I am still the same person that I have been all of my life, and I will speak up and speak out about the injustices that I see around me.  I will continue to be a rat terrier nipping at the heels of those who need to be reminded that they need several doses of kindness, honesty, and decency....and maybe a terrier to bite them in the ass will help to remind them.

...and thus, today begins my latest cycle in my cancer schmantzer odyssey: 
                     I will wake up and kick ass and get on with my life.

Side Effects and Other Things

While I have never been known for my patience, in the world of “my new normal,” I am beginning to learn that patience truly is a virtue, especially for stubborn folks like me.

Typically, my chemo day drill starts with getting lab work done at 7:30, seeing my doc at 8:30, then waiting for the pharmacy to make up the chemo cocktails; I then get hooked up to a chemo pole for anywhere between 5 and 7 hours.  However, for my past few treatments, the difficulty with accessing my port has given Job (and his patience) a run for his money.  This morning my blood return was not working, so we went through various and sundry contortions of lying on my side with my arm extended over my head, followed by leaning over to touch my toes; I am now fully ready to gyrate to a few verses of YMCA at the next wedding that I attend.  Always willing to be helpful, I suggested to the nurses that they might want to bring out a trapeze so that the port could be more easily accessed. Fortunately, after numerous machinations, they were able to access my port.  Thus, my new normal seems to be yet another chapter of hurry up and wait.

Before my diagnosis, I assumed that cancer would be painful, but I have found that it is not. However, the unpredictability and the randomness of the side effects are another story. My sensitivity to cold has become more challenging than I would have thought. If the weather is chilly or if I want something in a glass jar from the refrigerator, I need to wear gloves. Much to my dismay,  I was shocked and somewhat bummed the other day as I was trying to bake a cake. I cracked the first egg, but my fingers were so tingly and cold sensitive that I couldn't hold the other two eggs long enough to crack them. As a person who has always been independent and able to do everything by myself, it was very dispiriting to have to ask for help to crack an egg, and yet the random annoyances and indignities keep on coming. All in all, it's just another brick in the wall.

However, I am heartened to know that the people in my world are kind and caring. Since my whole cancer schmantzer odyssey started back in April, I have been touched by the kind words and actions of family, of friends, of former students, and of strangers.

With all of the divisiveness and horror in the world coming at us from all directions these days, it is good to know that one of the unexpected side effects of having cancer is to be reminded that most people are good at heart.

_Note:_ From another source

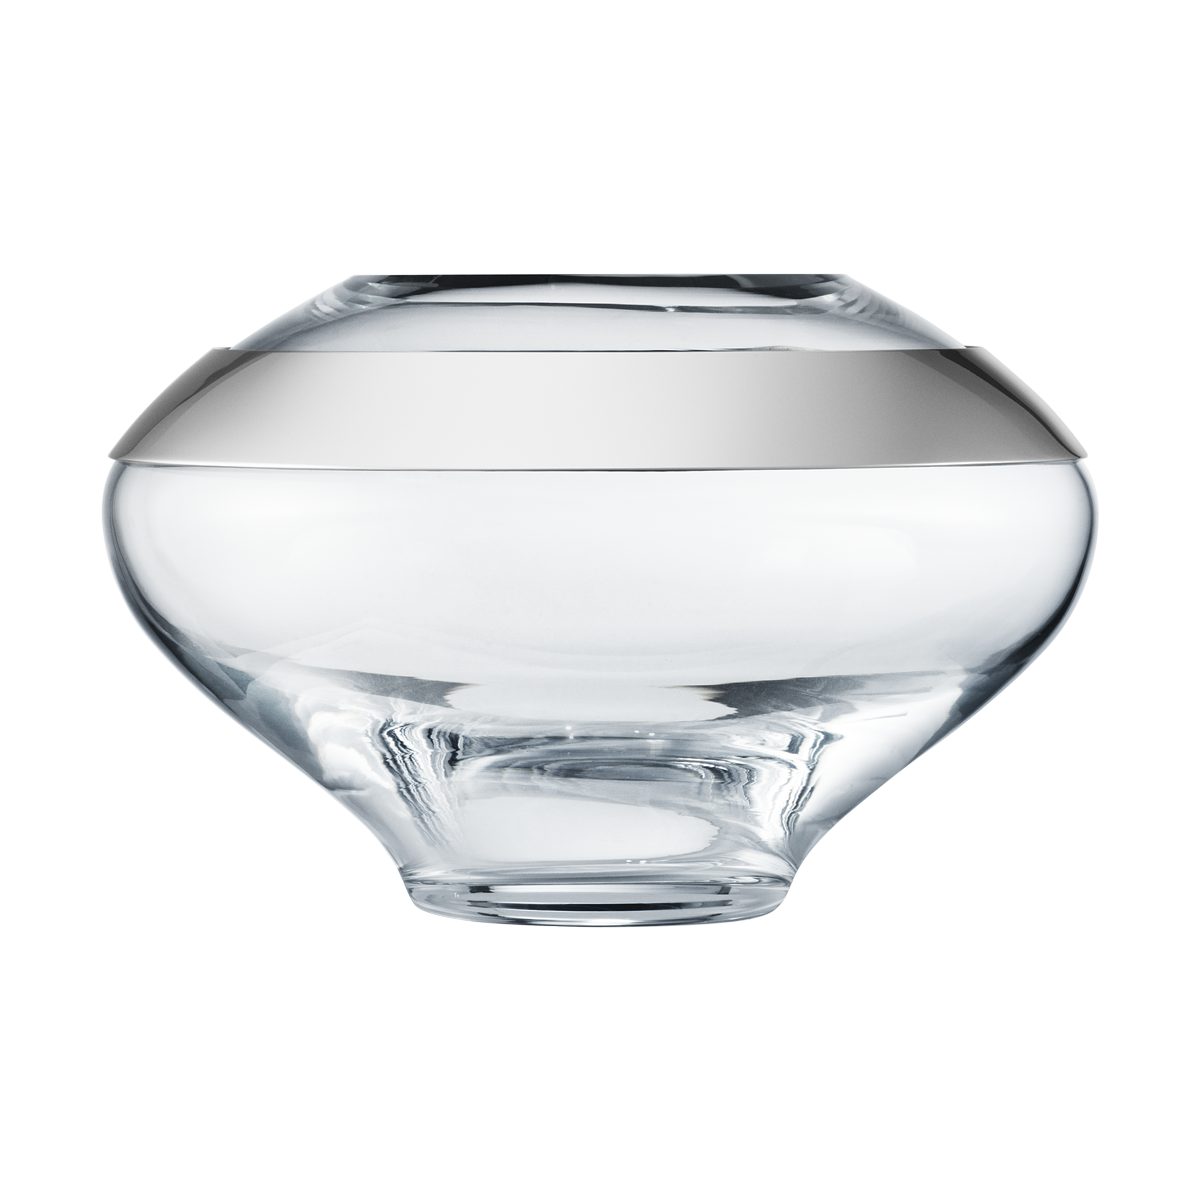 Duo by Georg Jensen Stainless Steel and Mouth Blown Glass Vase Small - New - $117.81

That is why it is so difficult for me to understand those who wring their hands and offer thoughts and prayers for the tragedies that seem to be coming at us daily at warp speed. Rather than offering empty platitudes and rhetoric which signify nothing, I wonder what will it take for us to press our legislators to enact policies and legislation that will demonstrate that they are as good as their constituents?

Do they not see the goodness and kindness of the people who are reaching out to help one another?

Do they not understand the words of Anne Frank?
             
                     Despite everything, I believe that people really are good at heart.

Disasters, diseases, and tragedies make the world a more level playing field.   Like it or not, cancer does not care whether you are rich or poor, old or young, and it creates a level playing field. My oncology team is doing it best to stave off the cancer that is in my body.  If only we could all work together to create policies to stave off the cancer that has invaded our body politic.